At this point everything felt unreal. I had so little time to process the birth (I mean, besides the preceding 9 months…) that even sitting in my hospital room with the baby next to me I was still working through the shock of my water breaking -- never mind the whole getting cut open and having an actual baby that is actually mine for life thing.
The c-section was much less painful than I’d feared. The pain meds did their job and I was up and walking to breast feeding class the next morning at 9:30am. Recovery overall has gone great. We came home on Tuesday November 19th after a small bit of last minute hospital drama about Casper having lost 9.8% of his body weight. We were asked to supplement at home with a crazy contraption involving a small tube taped to my boob feeding formula while he nursed. Casper declared war on the tube from the start arching his back, screaming and refusing to latch so after 3 attempts, a good cry and a long chat with a friend who happens to be a lactation consultant we gave up until our pediatrician appointment the next morning. Luckily my milk must have come in overnight because by the time we went to the doctor the boy was already up 5 ounces and we were told to ditch the silly supplementing. Breast feeding and baby life in general has been mostly smooth sailing since -- we feel very lucky.
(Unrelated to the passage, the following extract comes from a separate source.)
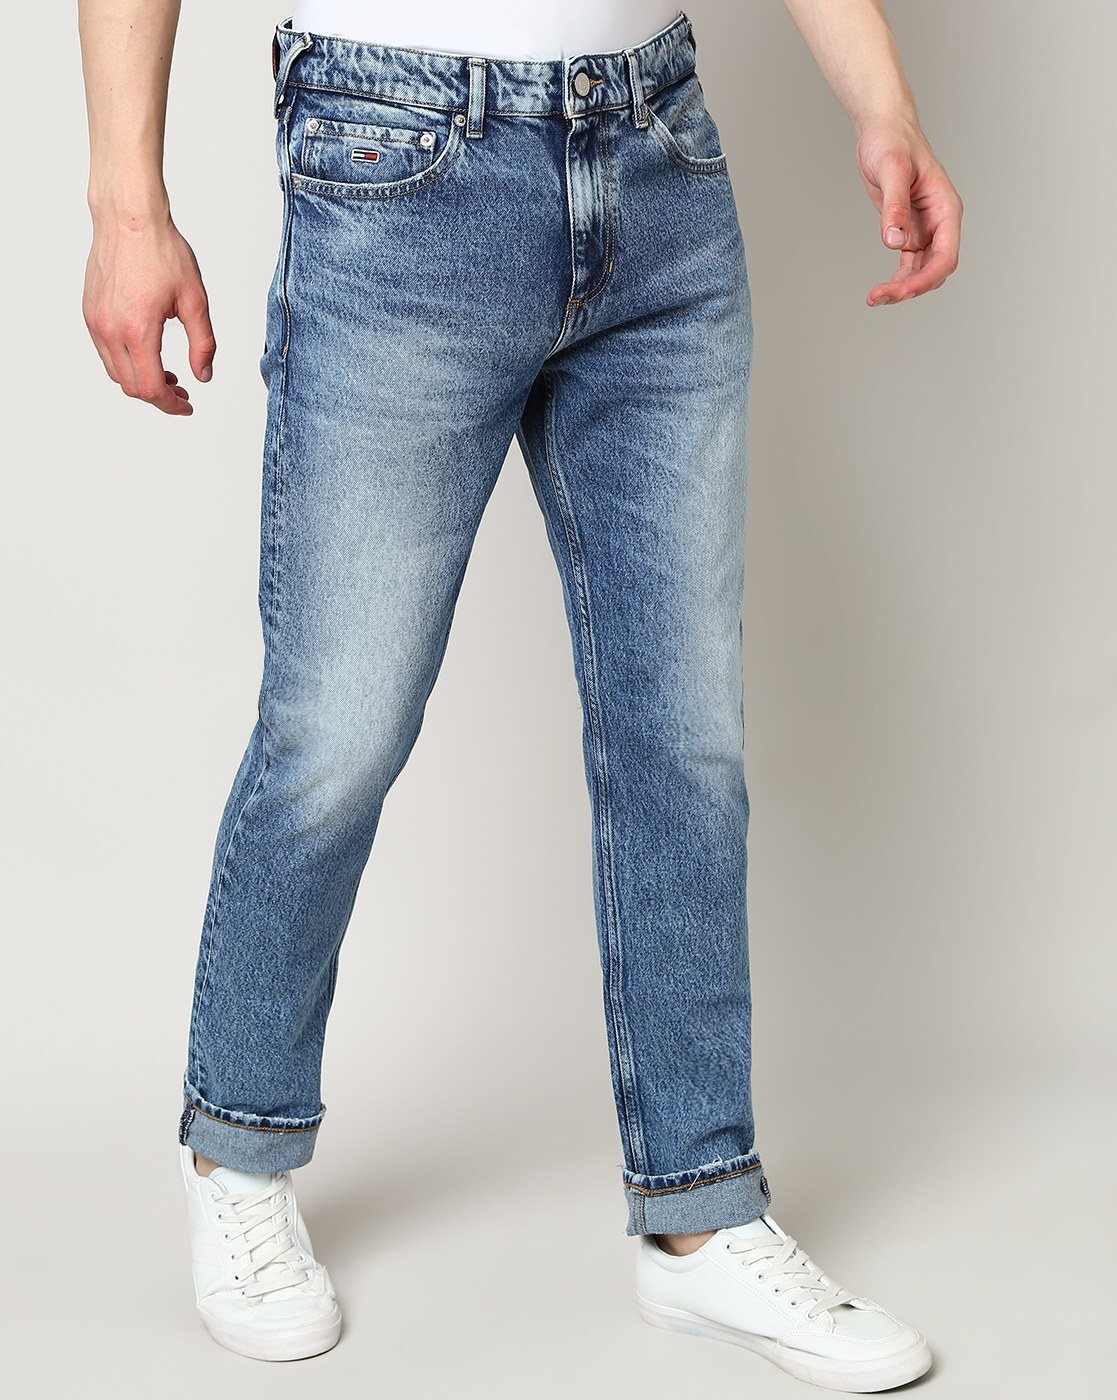 Buy Denim Medium 02 Jeans for Men by TOMMY HILFIGER Online

Here comes the schmoopy part; get ready. I love him so much. I was never really worried about loving him but it’s also true that when asked on the first day of birth class what I was most excited about my honest response was, “having a 6 month old.” I’ve never been that into newborns -- they seem so needy and floppy and boring. But the hormones kicked in and I find myself sad that Casper will get bigger. That he won’t always be the perfect little compact baby that fits right on my chest (squishing himself back into his womb pose, legs crossed, knees bent, pushed over to my right side, gazing up into my eyes). Sometimes when his little grunt-y cries wake me up at 3am I feel a little jolt of excitement that soon he’ll be awake and I’ll get to hold him. He is my baby.